Q: Why is it important for ANA Akindo to get involved in the revitalization of local economies?

Douchi: We hear many ideas from local communities. It is inspiring for me to be part of the effort to combine their needs and ANA’s resources to create positive outcomes. It is exciting, and in the future I want to visit our overseas offices and get local feedback on how well the Japanese commodities can be received in those markets.

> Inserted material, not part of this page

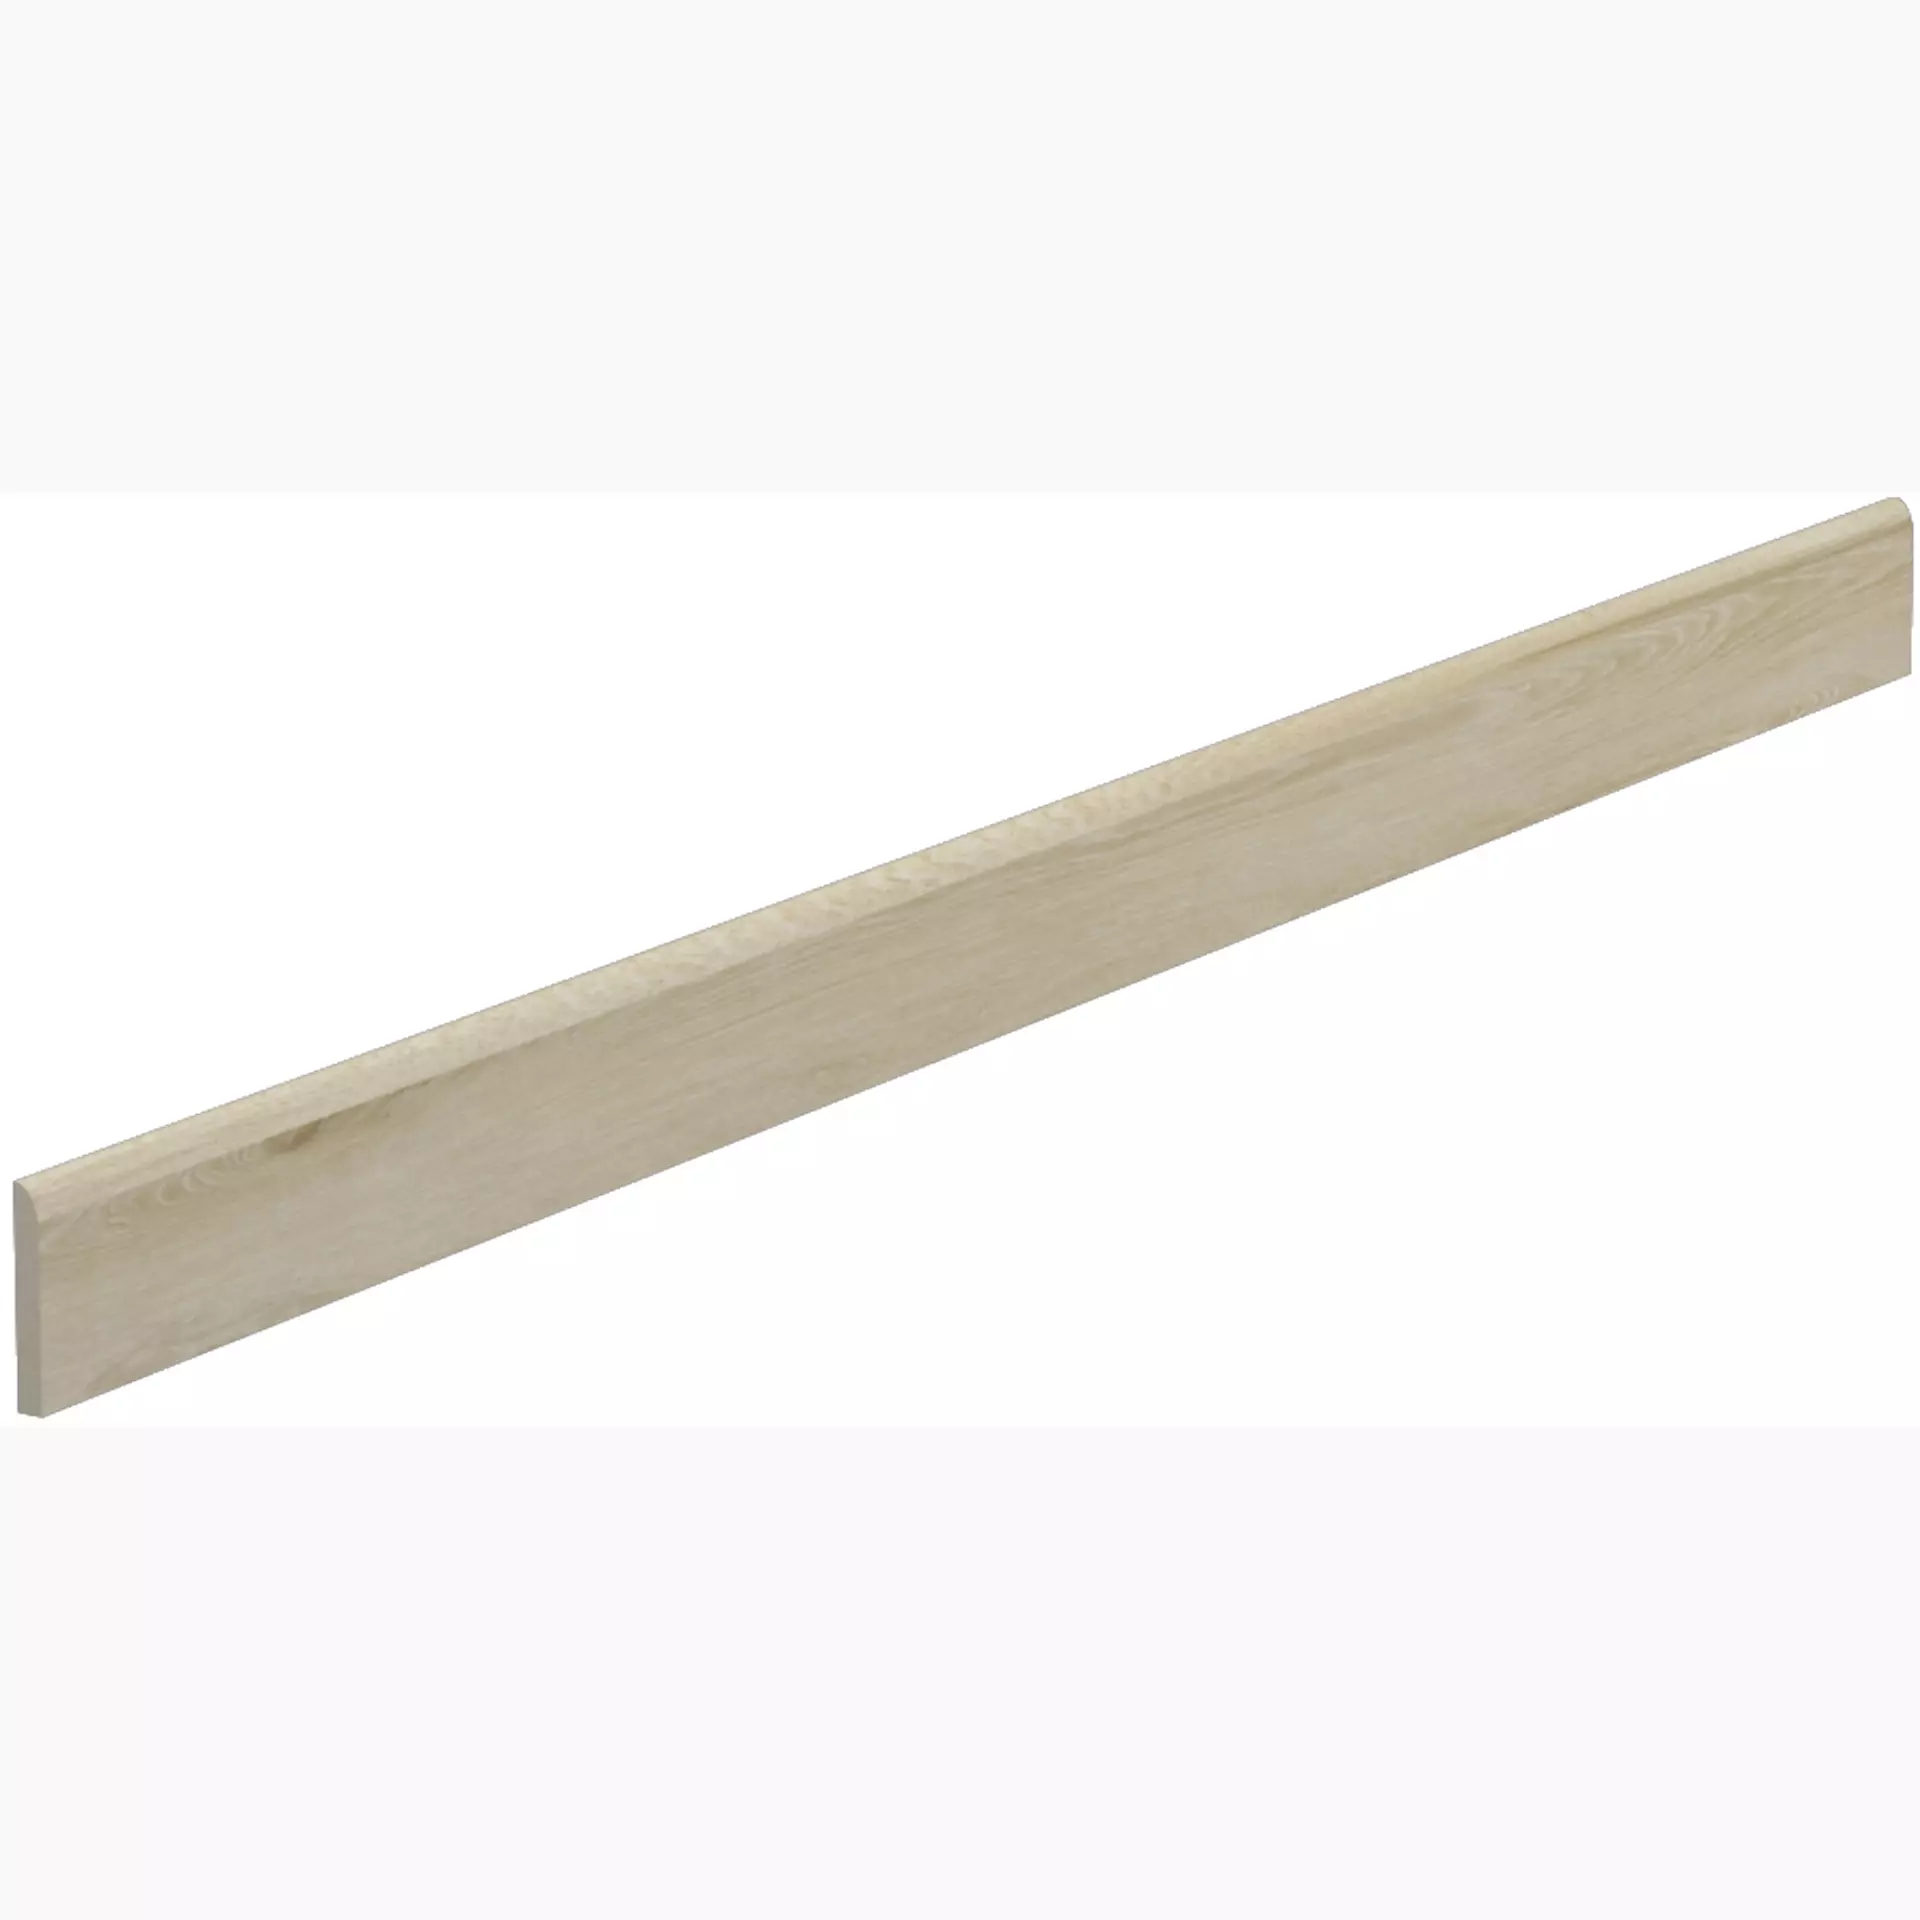 Del Conca Nb Nabi Taupe Nb3 Naturale Skirting board 13NB03R12 6,5x120cm rectified 8,5mm

Ohashi: ANA Group has been involved in the revitalization of local economies for a decade, and it has always been connected back to our business as an airline. We want more people to fly ANA so that we can enhance our service and network. Although this cycle has been altered due to COVID, we can still support revitalization by assisting export or workation (work + vacation) business opportunities generated from Japan communities.

Nakaura: Whether it be nature or food, there are so many unknown charms in Japan, but local communities lack the means and resources to communicate to global consumers. That’s where ANA Group and Akindo can contribute. We can potentially help these communities by bringing more visitors to Japan, and that is what makes our job fun and rewarding.